Institution: University of Washington in St. Louis

Indoor air chemistry remains a challenging research area given the complexity of contributing pollutant sources, from infiltration of outdoor pollutantto outgassing of indoor materials and human activity emissions such as food cooking and cleaning. Furthering the complexity, many of these pollutants can partition on and off indoor surfaces, undergo chemical reactions, and move between the gas and particle phases when altered by ventilation or other changes in pollution sources. To help address the need for better characterization of indoor air chemistry, this project aims to develop a new field-deployable automated instrument for the simultaneous measurement of organic gas and particle chemical composition.

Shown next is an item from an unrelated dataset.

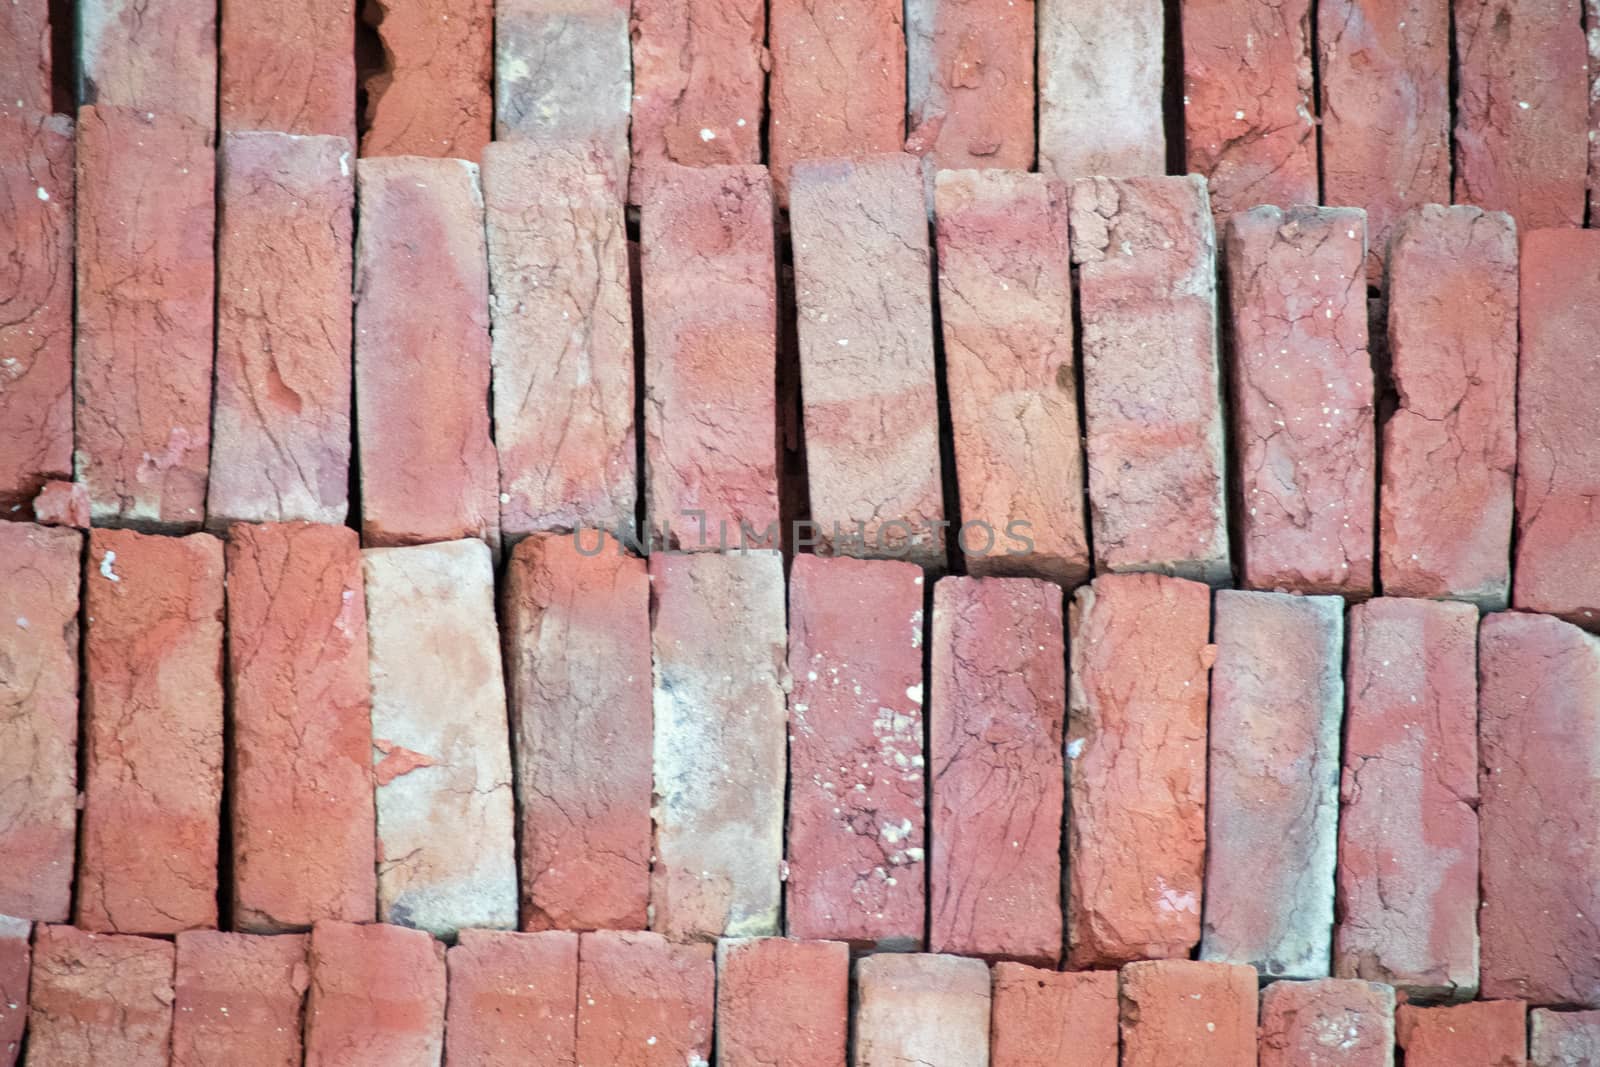 Pile of bricks placed on the ground, showing the pattern and the by Shalinimathur
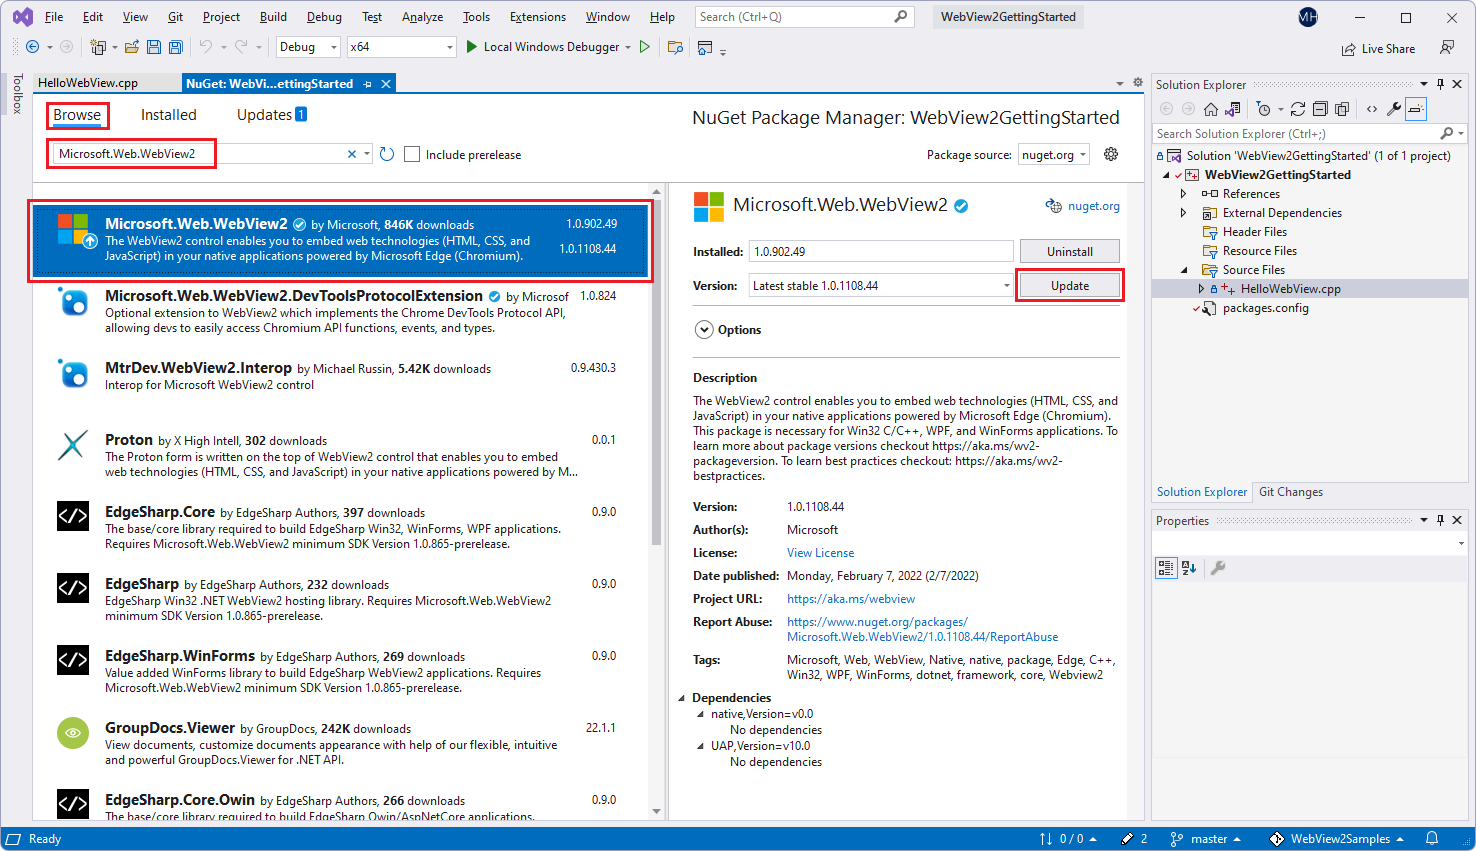 Selecting the 'Microsoft.Web.WebView2' package in NuGet Package Manager in Visual Studio

A further challenge is that there can be many thousands of individual molecules that are present in the indoor environment, and it is difficult to track (and model) the presence and loss of each of these molecules. The instrument developed here will arrange molecules by their volatility and polarity, allowing investigators to group molecules into similar volatility and polarity bins in an attempt to improve our ability to model the partitioning of organic material between the gas and particle phase. Through controlled laboratory studies and a field deployment in a test home, we will demonstrate the instrument’s capability to measure changes in this phase partitioning through processes such as oxidative chemistry, human activities, and building dynamics. Molecular data and volatility/polarity-separated data will be stored and shared in a searchable database freely-accessible to the indoor research community.

This project will introduce new measurement capacity for the CIE community to answer outstanding questions on indoor air composition and transformation while engaging and training the next generation of diverse scientists and engineers on instrumentation development geared at advancing the study of indoor environmental chemistry.